Certain transactions may not appear in your cash flow statement, causing mismatches in specific periods. Two frequent causes are accumulated depreciation and retained earnings. Standard cash flow statements often exclude these items by design, which can lead to discrepancies.

If your cash flow check is off for every period, it generally points to a broader modeling issue rather than a localized problem with retained earnings or accumulated depreciation.

Basics

The cash flow statement tracks changes from most balance sheet items but does not automatically recognize accumulated depreciation and retained earnings. It also excludes direct movements in the bank account, because calculating those inflows and outflows is the main purpose of a cash flow statement.

If a transaction affects any of these excluded items – alongside a typical balance sheet account – only part of the entry is captured, creating a discrepancy in your estimated cash flow.

Resolution steps

If this issue appears only in certain periods but the rest of your setup looks correct, consider these steps:

1

Check retained earnings and accumulated depreciation

Examine these accounts for unusual or unexpected transactions.
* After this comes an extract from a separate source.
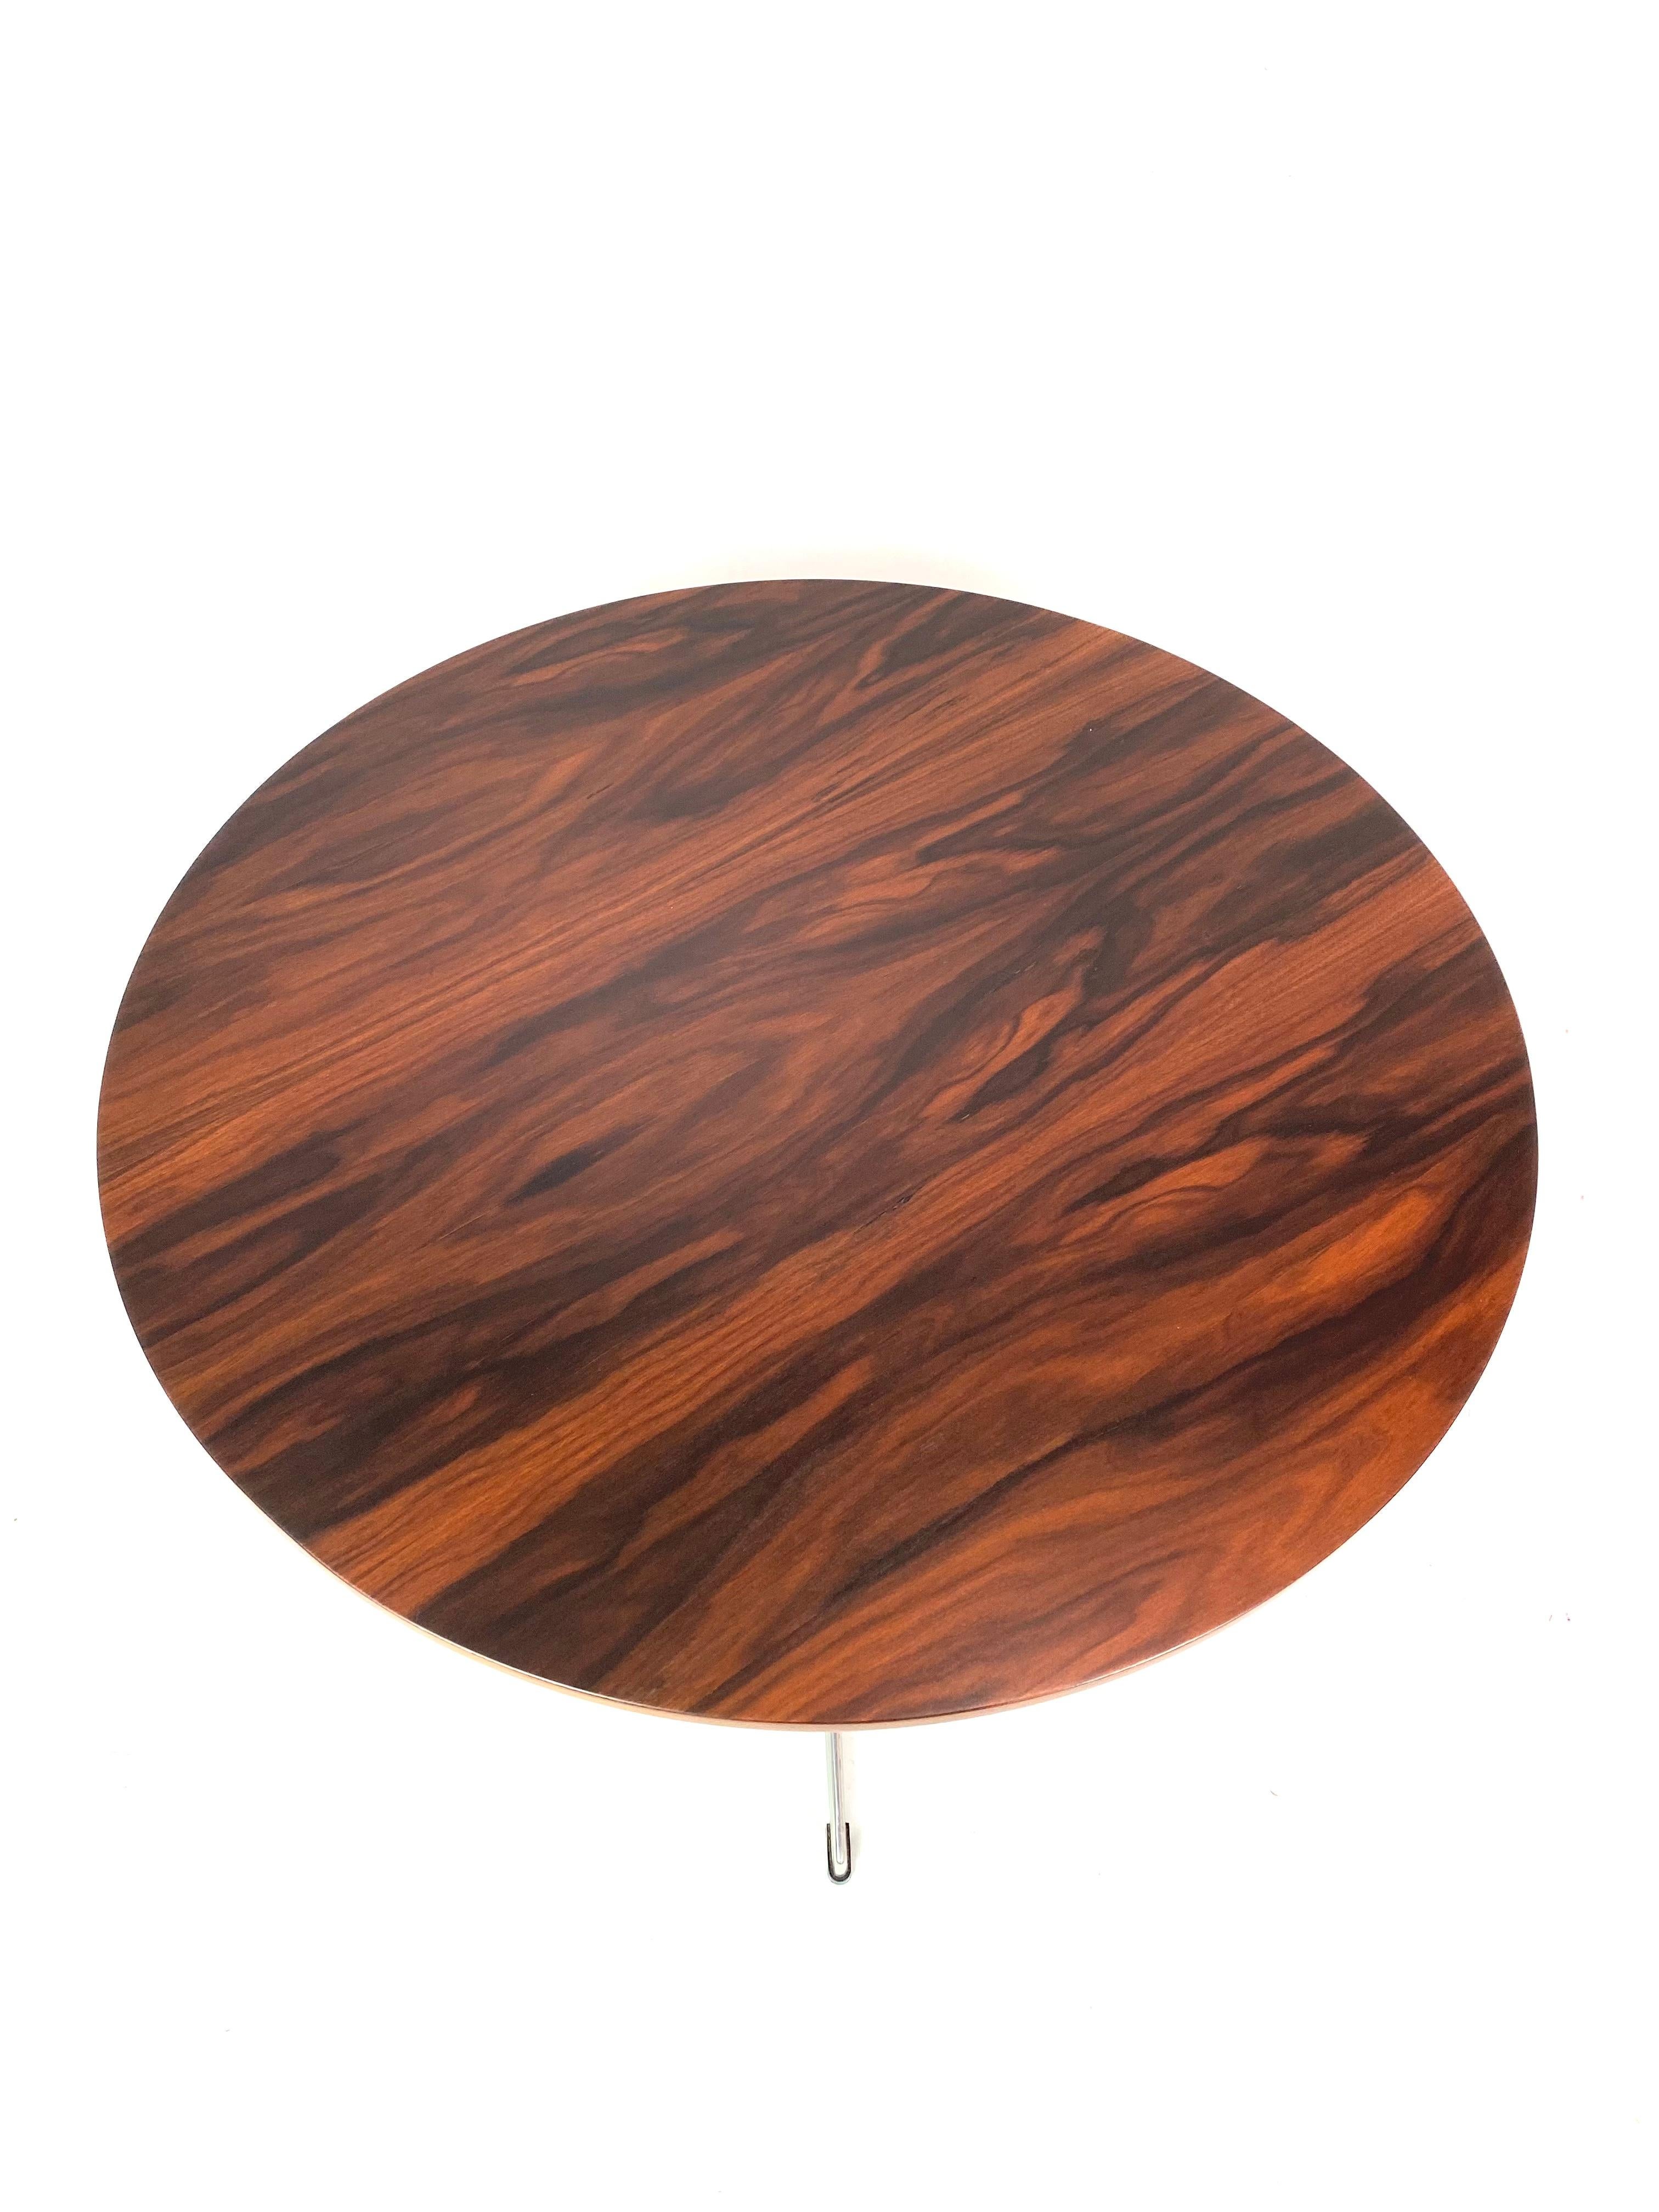 The coffee table in rosewood designed by Arne Jacobsen and manufactured by Fritz Hansen in 1987 is a beautiful piece of furniture that showcases Jacobsen's signature modernist style. The table is made of high-quality rosewood, which is known for its

Confirm whether any such entries genuinely belong outside the cash flow statement.

2

Identify the corresponding entries

Locate the double entry (or offsetting transactions) associated with retained earnings or accumulated depreciation. Make sure that the relevant portion of each transaction appears in the cash flow statement where needed.

3

Manually adjust

Add a manual adjustment line to your cash flow statement to account for the missing piece of the transaction. Document why this entry is necessary to help anyone reviewing the model later.